◆ Recorded information:
*** Begin section ***
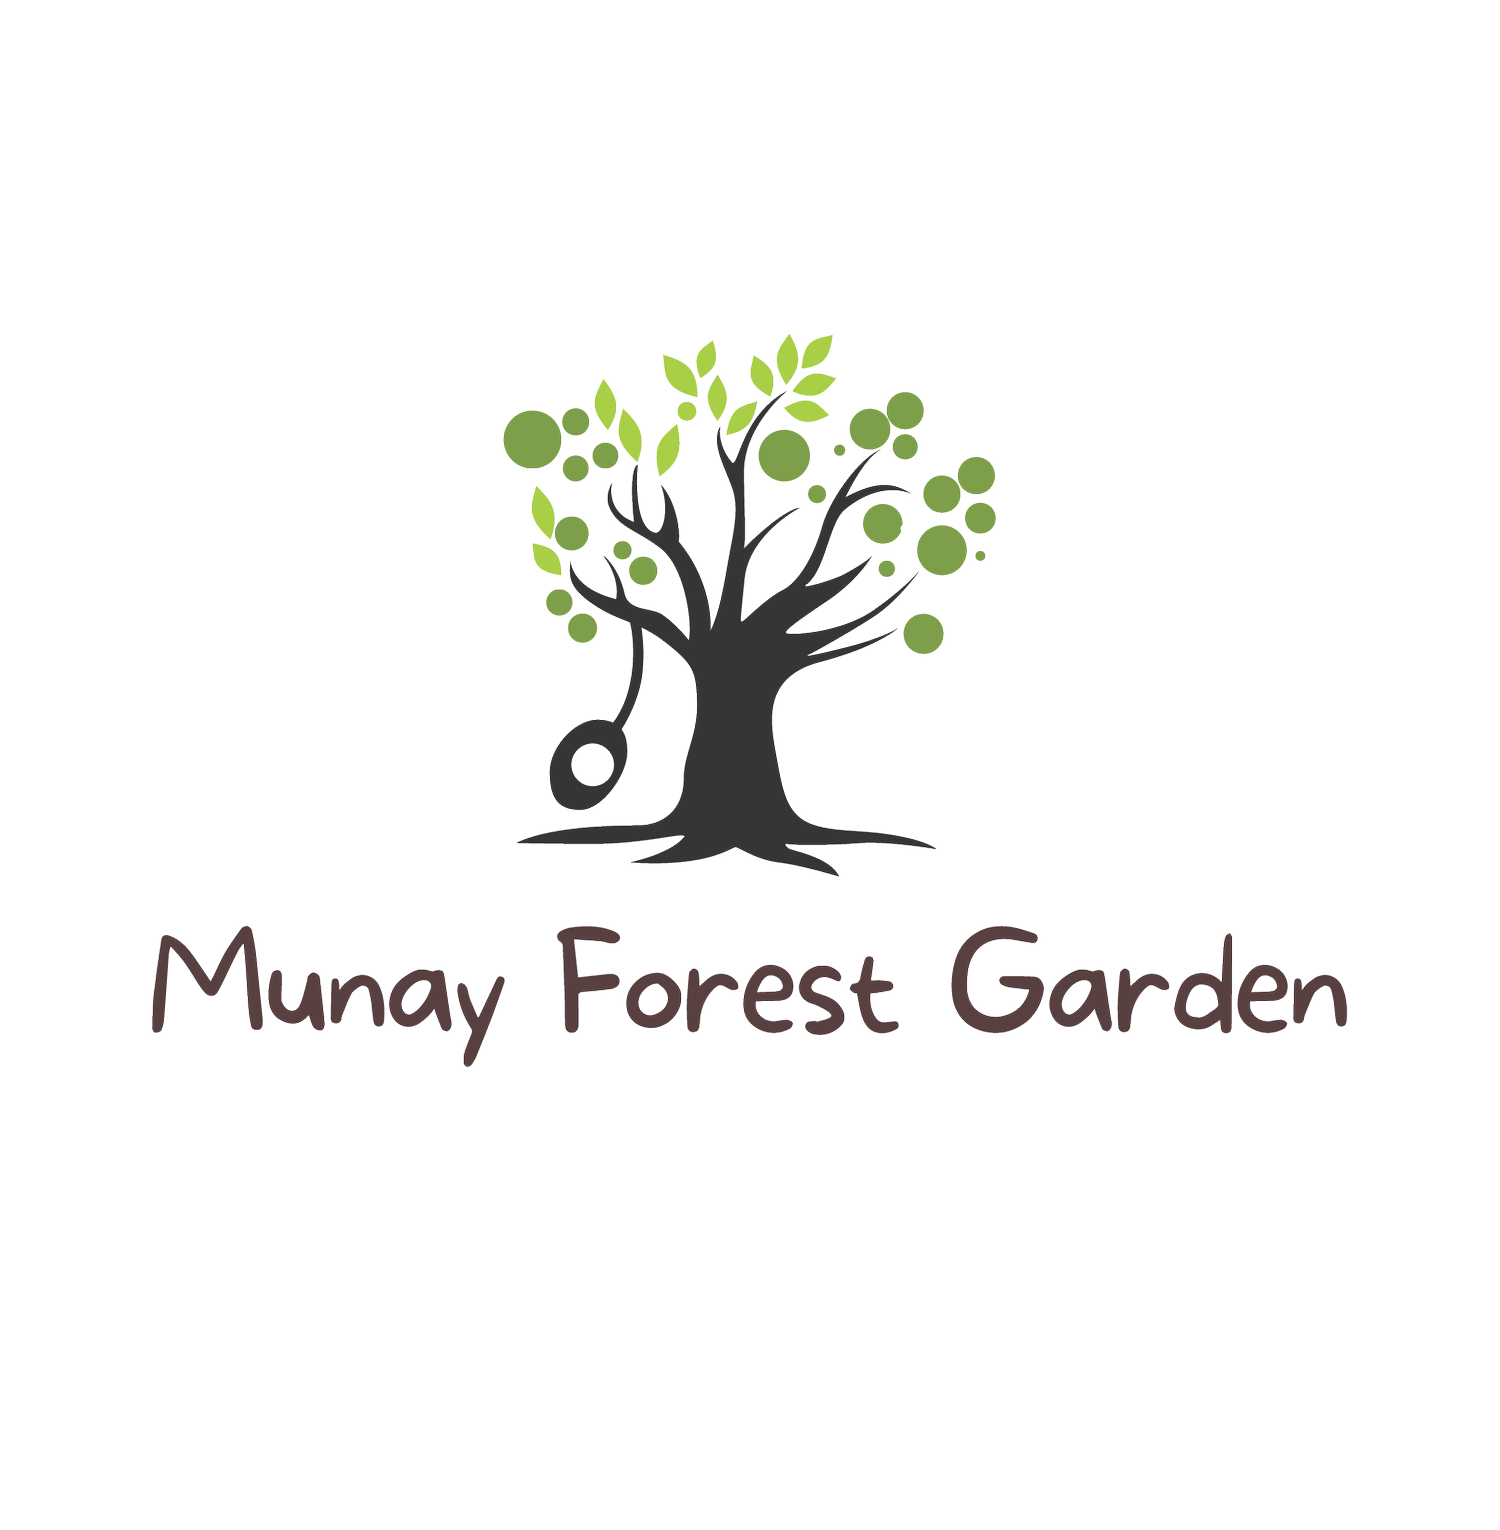 Munay Forest Garden
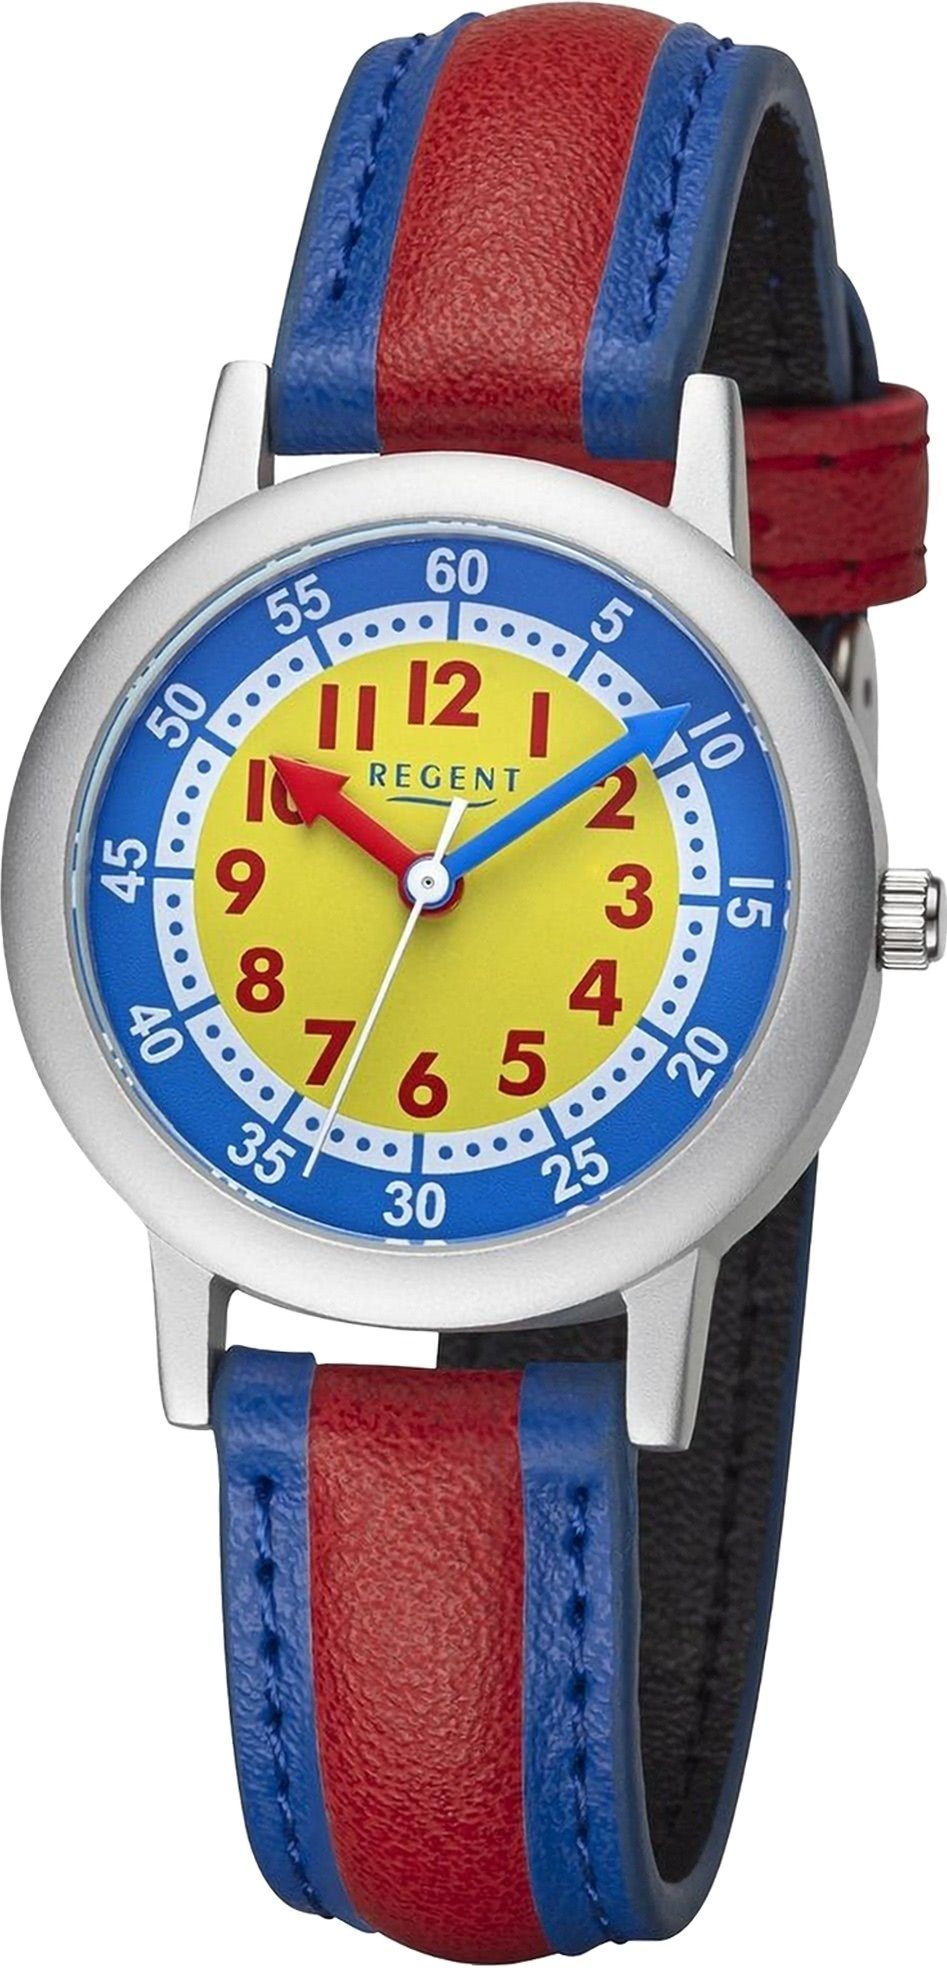 Regent 29,5mm) rot, Kinderuhr rundes Quarzuhr groß Regent Armbanduhr Analog, Kinderuhruhr blau, PURarmband Gehäuse, (ca.
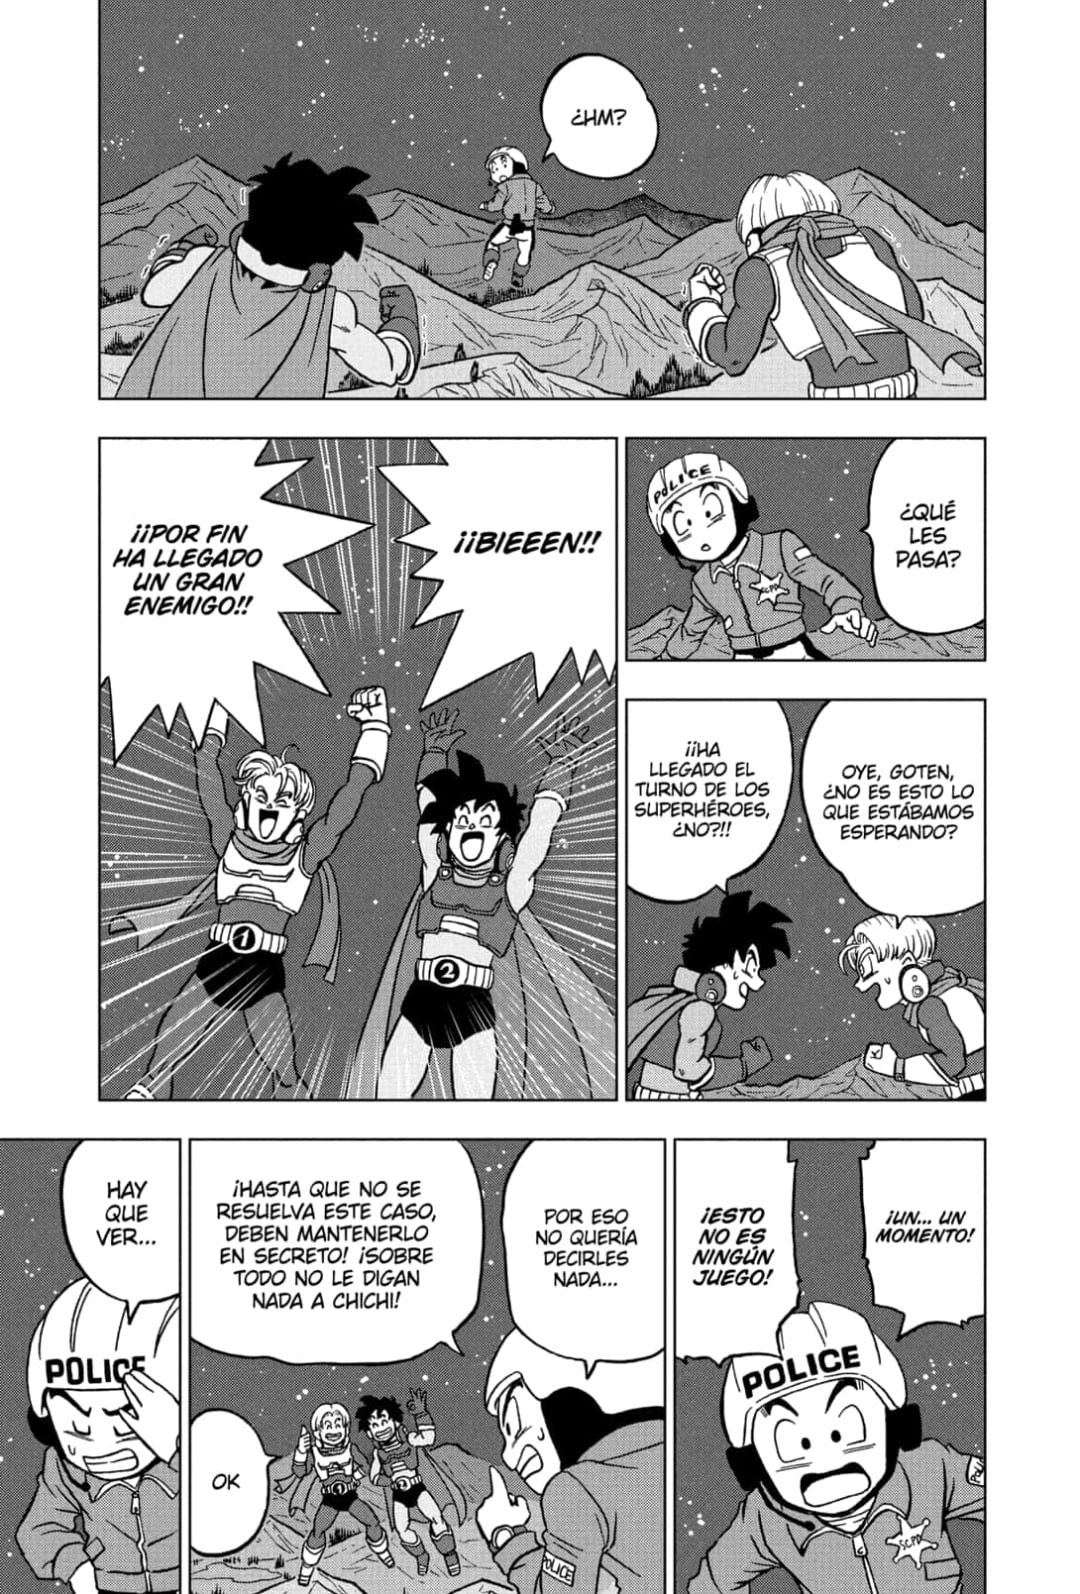 Dragon Ball Super libera el capítulo 90 del manga: así lo puedes leer en  español y gratis - Crónica de Xalapa
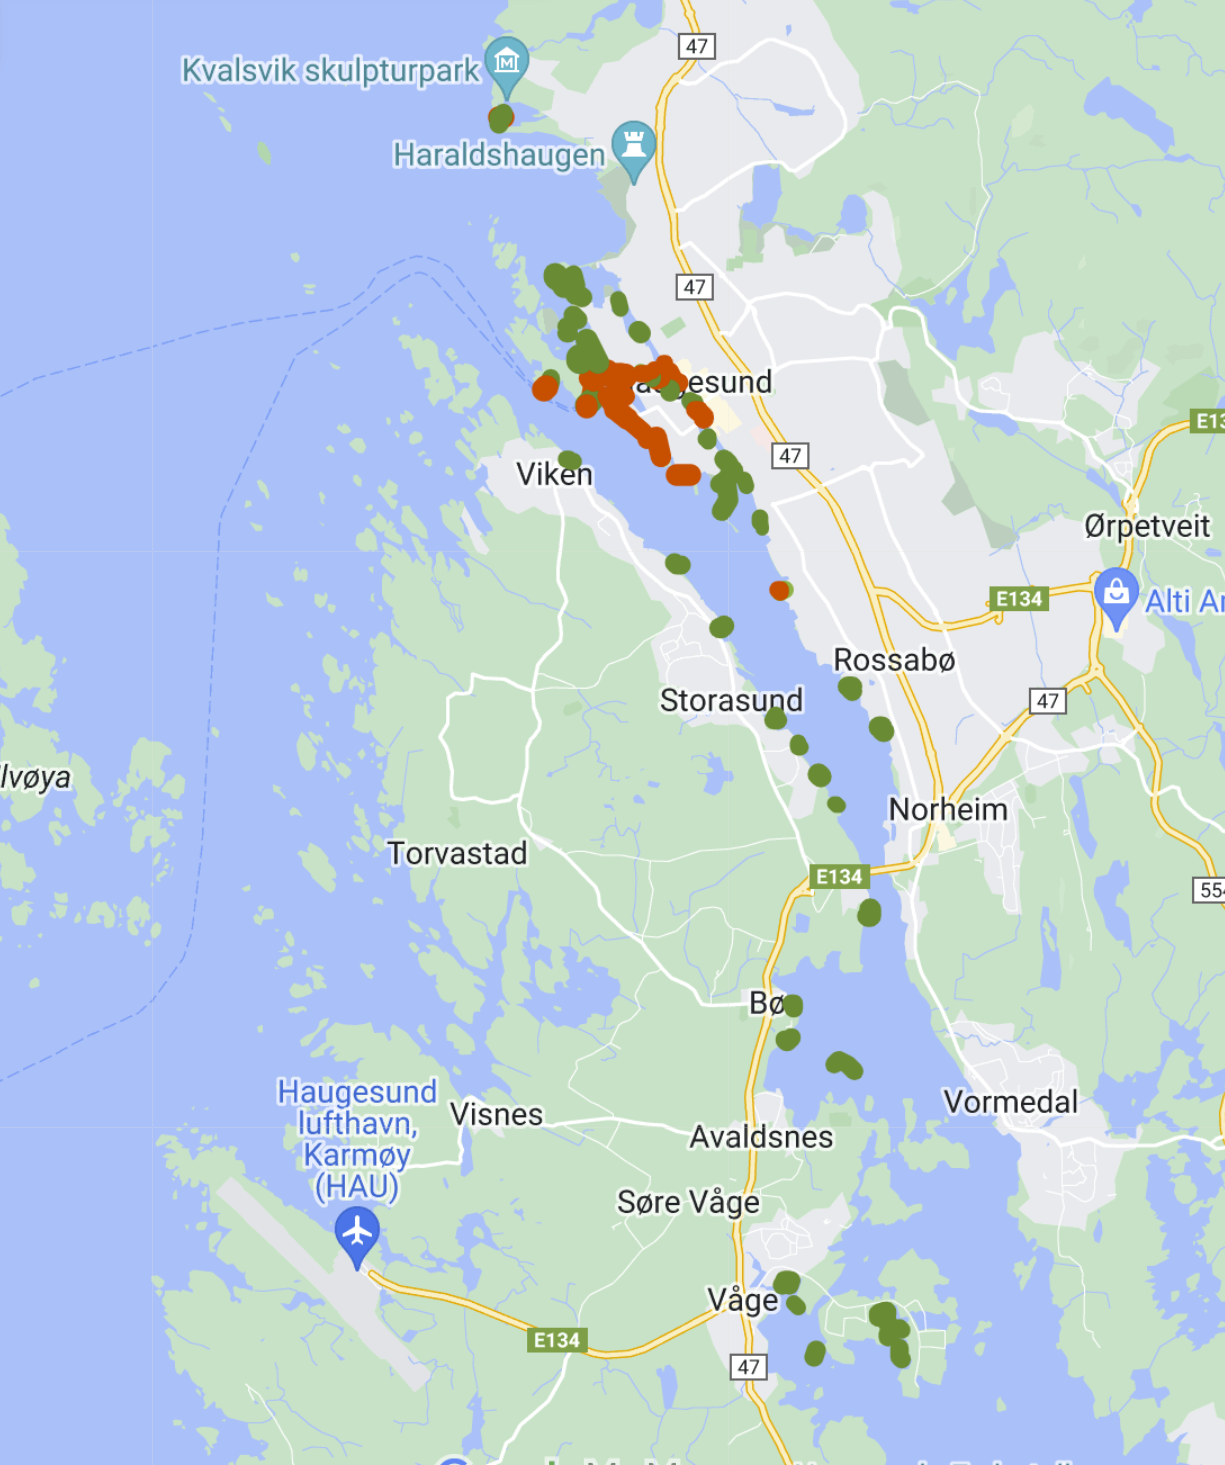 Dette er et oversiktskart som viser videotransekter som er undersøkt for havnespy i Haugesund og Kamrøy kommune
*** End section ***
◆ Problem: Down to the last line, reproduce the material above exactly; skip its images.

◆ Task answer:
 Munay Forest Garden
 Regent 29,5mm) rot, Kinderuhr rundes Quarzuhr groß Regent Armbanduhr Analog, Kinderuhruhr blau, PURarmband Gehäuse, (ca.
 Dragon Ball Super libera el capítulo 90 del manga: así lo puedes leer en  español y gratis - Crónica de Xalapa
 Dette er et oversiktskart som viser videotransekter som er undersøkt for havnespy i Haugesund og Kamrøy kommune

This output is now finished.